Translate

Tuesday, February 17, 2015

On Our Way to 2076

                                On Our Way to 2076
By Albert B. Kelly

Back in 1976, Americans were celebrating our nation’s bicentennial. If you weren’t around then, you have no way of knowing what those times were like and if you were around, you may not want to dwell there too long.

While the bicentennial celebration itself was quite memorable around the nation, those days in the mid-seventies were marked by post-Watergate disillusionment, high inflation, high gas prices, crumbling cities, cold war fatigue, and some bad disco music.

In the days leading up to the bicentennial, there was some looking back but more importantly, there was a lot of looking ahead. Recently, I came across an old magazine ad from petroleum company ARCO (Atlantic Richfield Company) that had the results of a survey they did asking average Americans what life would look like at the Tricentennial in 2076.

The months-long survey received over 50,000 responses, generally in letter form, which they would ultimately turn into a book. In this ad they gave a few highlights that I thought revealing. For example, 91% of those surveyed in 1976 said they wanted the family to remain the basic social unit.

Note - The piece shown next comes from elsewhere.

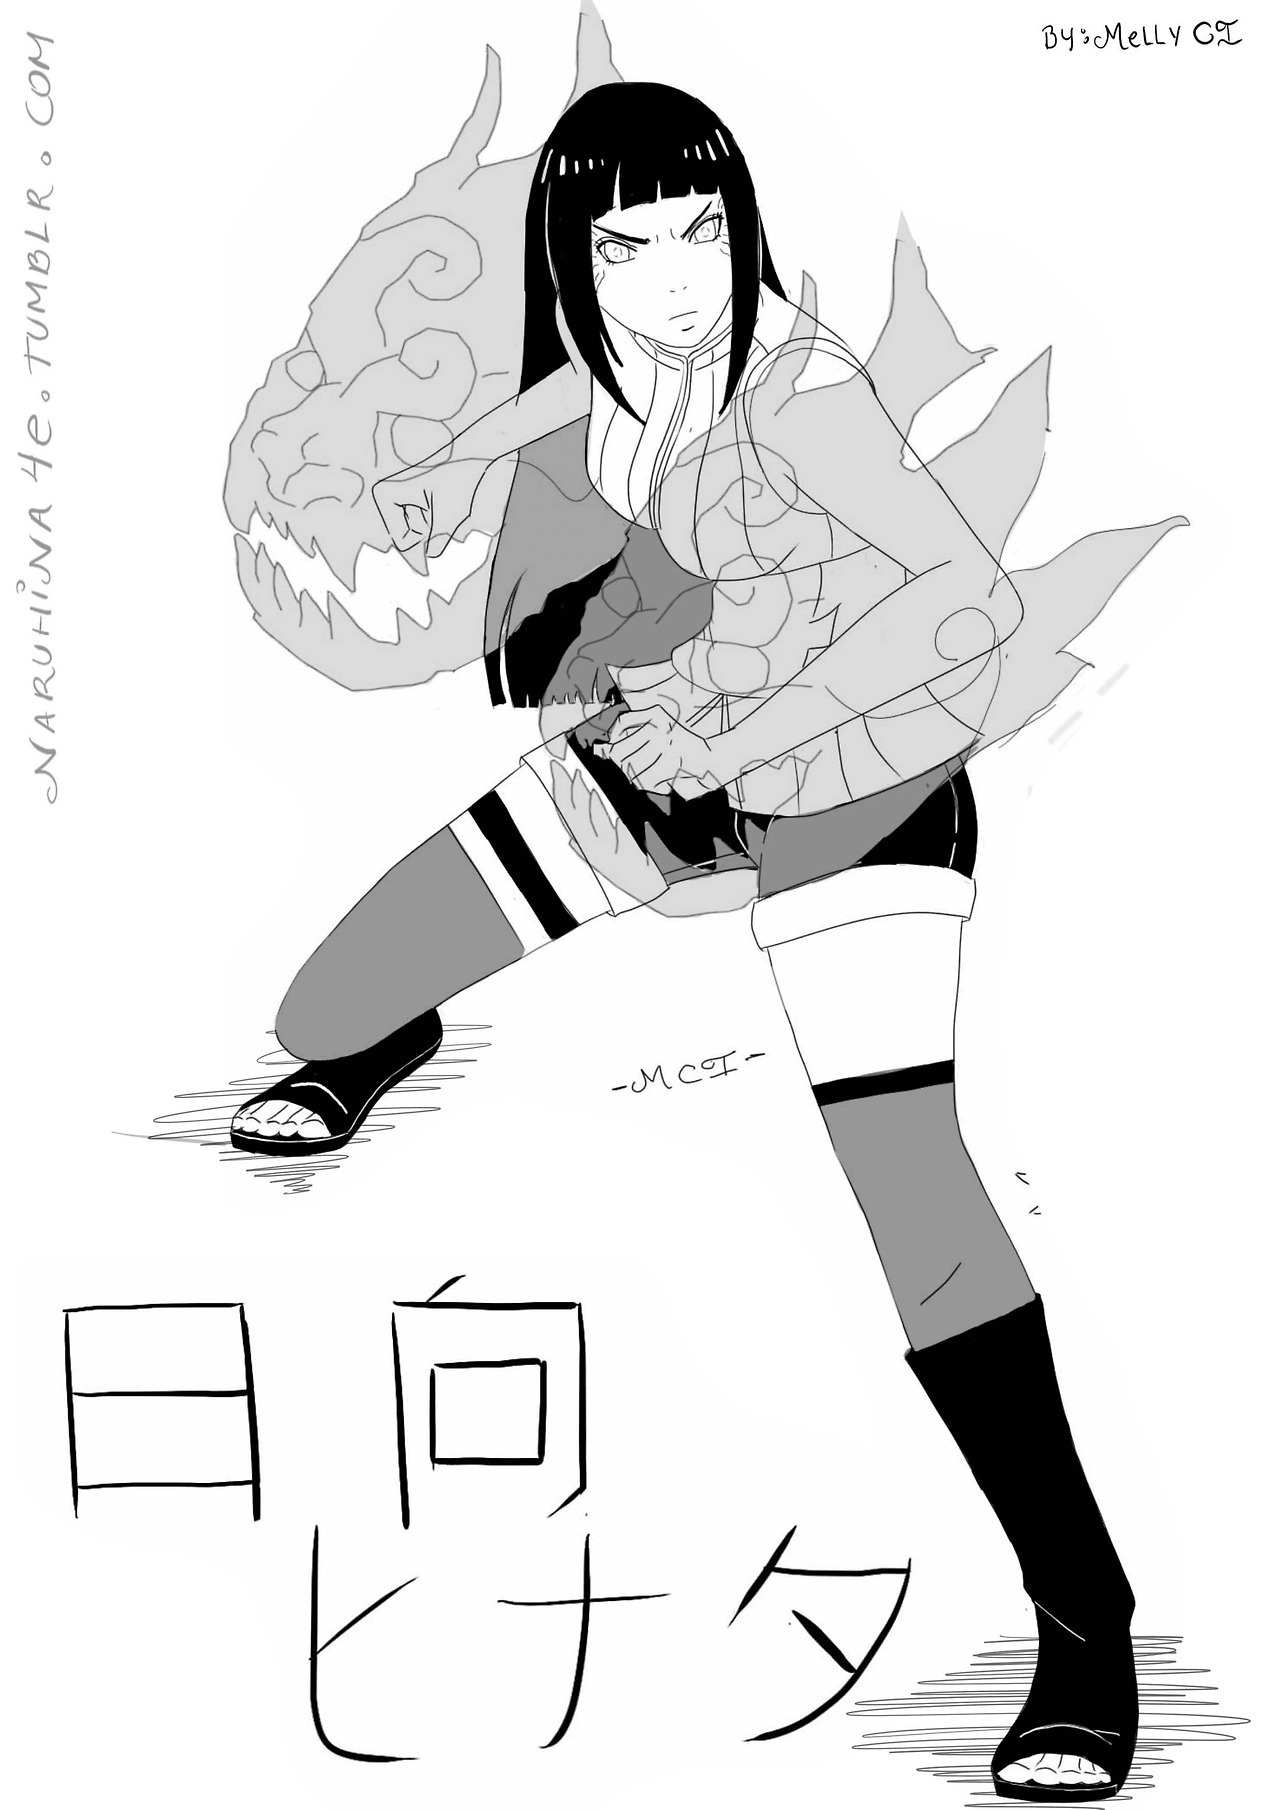 Hinata Naruto Dictionary Art Print Poster Picture Book Anime Manga Huuga

Today, 39 years later, not even halfway to 2076, the family unit has been pulled and tugged and stretched in many ways. In some cases we’ve abused the notion of family and in other cases we’ve redefined what family means but through all of it, we’ve not really found a viable alternative and I doubt we will.

In 1976, 62% of those responding to the survey felt that the nation would be better off when there is no racial, sexual, or religious discrimination. While this certainly remains true today, it feels like we’ve become far more tribal in our politics and polarized in the rest of our lives.

Maybe we were just as divided then, but today it feels far more intense and if nothing else, it has left a lot less room for compromise or meeting one another half way. I could be wrong, but far too much today has the feel of a zero sum game.

Who knows what 2076 will hold; most of us won’t be here, but perhaps the tide will swing the other way, as it usually does, and our children and our children’s children will live in a time that is known for reconciliation and cooperation. We can hope and maybe we can even plant the seeds for this to be so.

Back in 1976, 73% of those responding expected a reaffirmation of religion and faith by the time of the Tricentennial in 2076. We seem a far distance from that today. On one hand, we sanitize public life of any hint of religion; whether it’s the Ten Commandments in a court room or expunging the word “Christmas” from public discourse.

Yet, we live at a time when people will strap on explosives to blow up civilians in a café, kill cartoon writers, take hostages, behead journalists, and declare war on innocents in the name of religion. And still, I think of few things more worthy than a genuine and robust faith that seeks to build up, heal, forgive, and redeem rather than pillage and destroy.

A full two-thirds of those responding in 1976 expressed a strong desire for more individual participation in government; citing better communication. On the communication side, we have the tools today through the internet and social networks. It remains to be seen if divisions will ease long enough for people to realize what’s possible now.

Finally, three-quarters of those taking the survey in 1976 favored a slower-paced, more rural life. This reminds me that our mostly rural area is something to be treasured because the pace of life has quickened considerably; in the environment, the spread of disease, the economy, communications, travel, even the passage of time. Achieving balance is a fight worth waging for the next generation.

The upshot of the survey was simply this; people back then believed that life in the future (which includes our present) could be better than it was in 1976. I don’t know if we’ve failed the spirit of those days; but I do know that this belief connects those days to us now in a profound way because we still live with the faith that says life will be better in the future.


It is a well-founded hope for us now as it was for the people who took that survey, because ultimately their conclusion was that the future lies not in the land or in the technologies to be mastered; but in the hearts and minds of people…our greatest resource. And it’s still true today.